The raids sparked an outcry about the need for media freedom to scrutinise national security and defence issues.

AFP Deputy Commissioner Ian McCartney said police had “reviewed all available material and determined there is insufficient evidence to progress the investigation in relation to the unauthorised disclosure of the classified document” by Smethurst.

Smethurst’s suspected source for the information would not be prosecuted either, McCartney said.

“No one will be prosecuted in relation to this unauthorised disclosure,” McCartney told reporters.

Police were criticised over the raid, which included officers digging through Smethurst’s clothes drawers, according to media reports.

The raid came after a Sunday Telegraph article in 2018 that said intelligence agencies wanted to carry out surveillance by getting access to people’s emails, bank accounts and text messages.
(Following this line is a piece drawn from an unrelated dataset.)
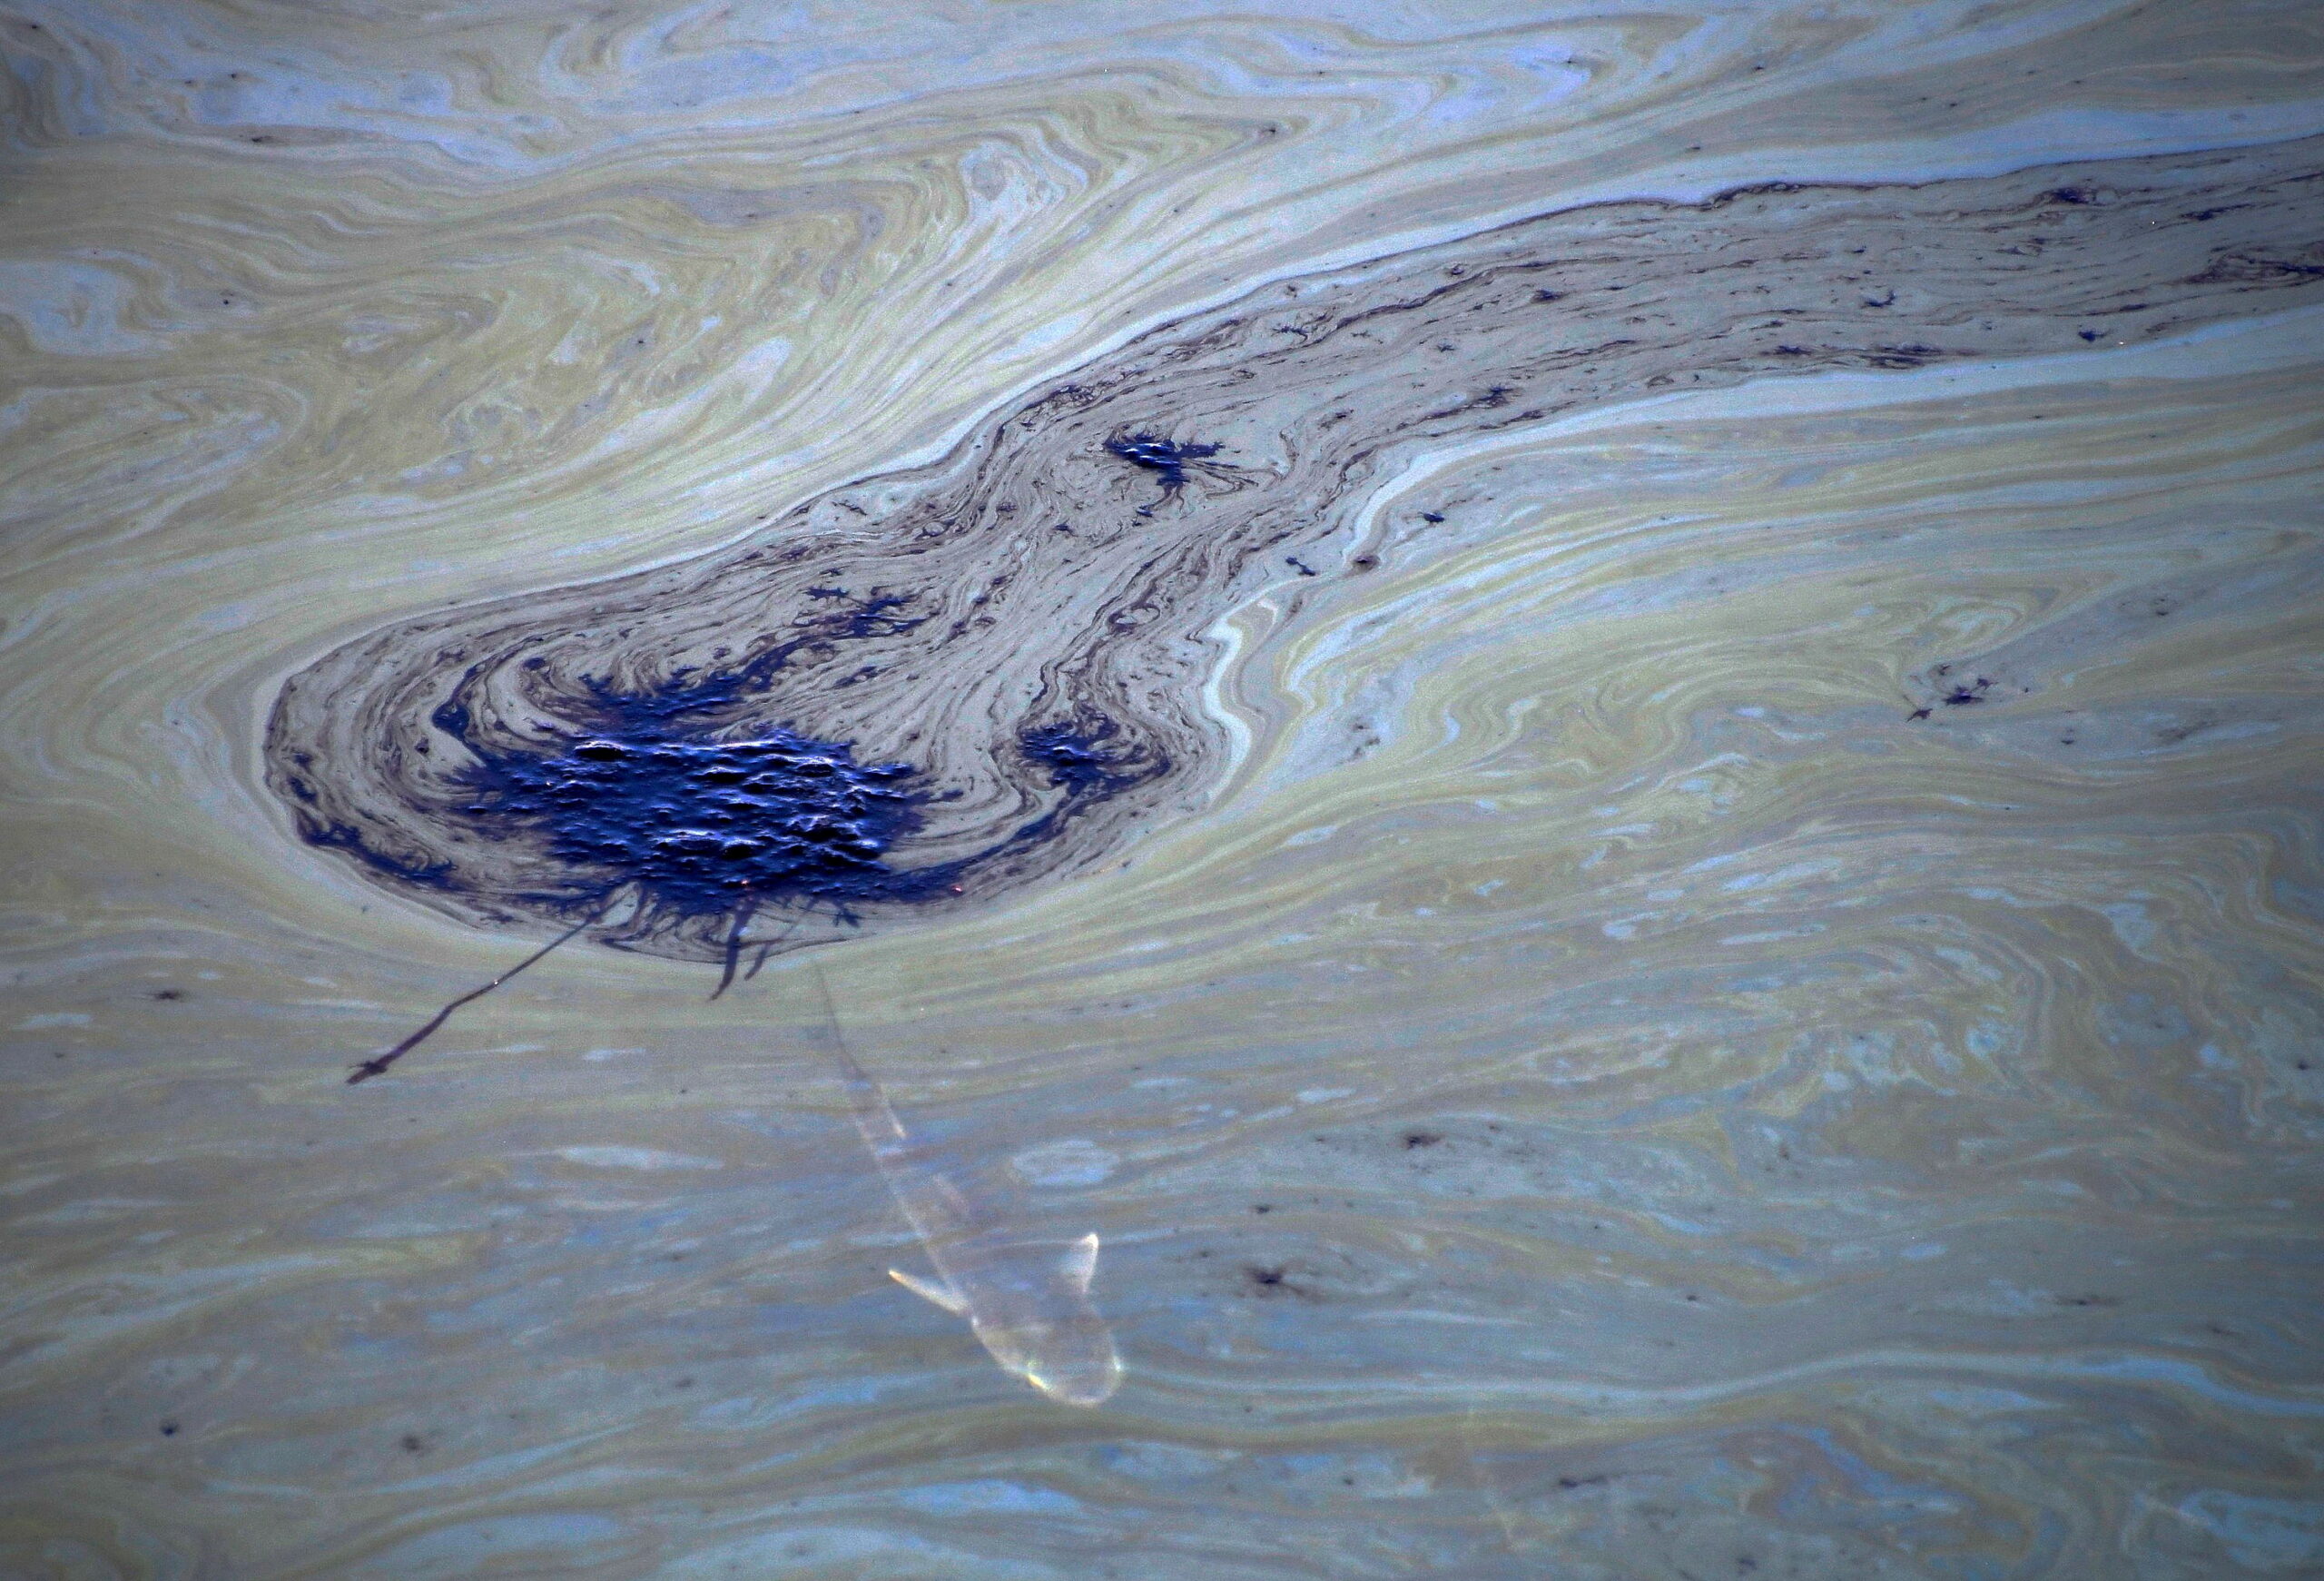 aerial shot of a fish swimming underneath the massive oil spill in Southern California

Australia’s highest court in April ruled, based on a technicality, that the AFP warrant to search Smethurst’s home was invalid, but did not order police to destroy the seized material.

News Corp said it was unacceptable that a High Court decision was needed for Smethurst’s ordeal of living with the threat of jail to be ended.

“Common sense has prevailed, but at a price,” New Corp Australasia chairman Michael Miller said in a statement.

The journalists’ trade union welcomed the police decision but warned that laws remained in place that could lead to any Australian journalist facing the same treatment.

Police were still investigating the ABC, McCartney said.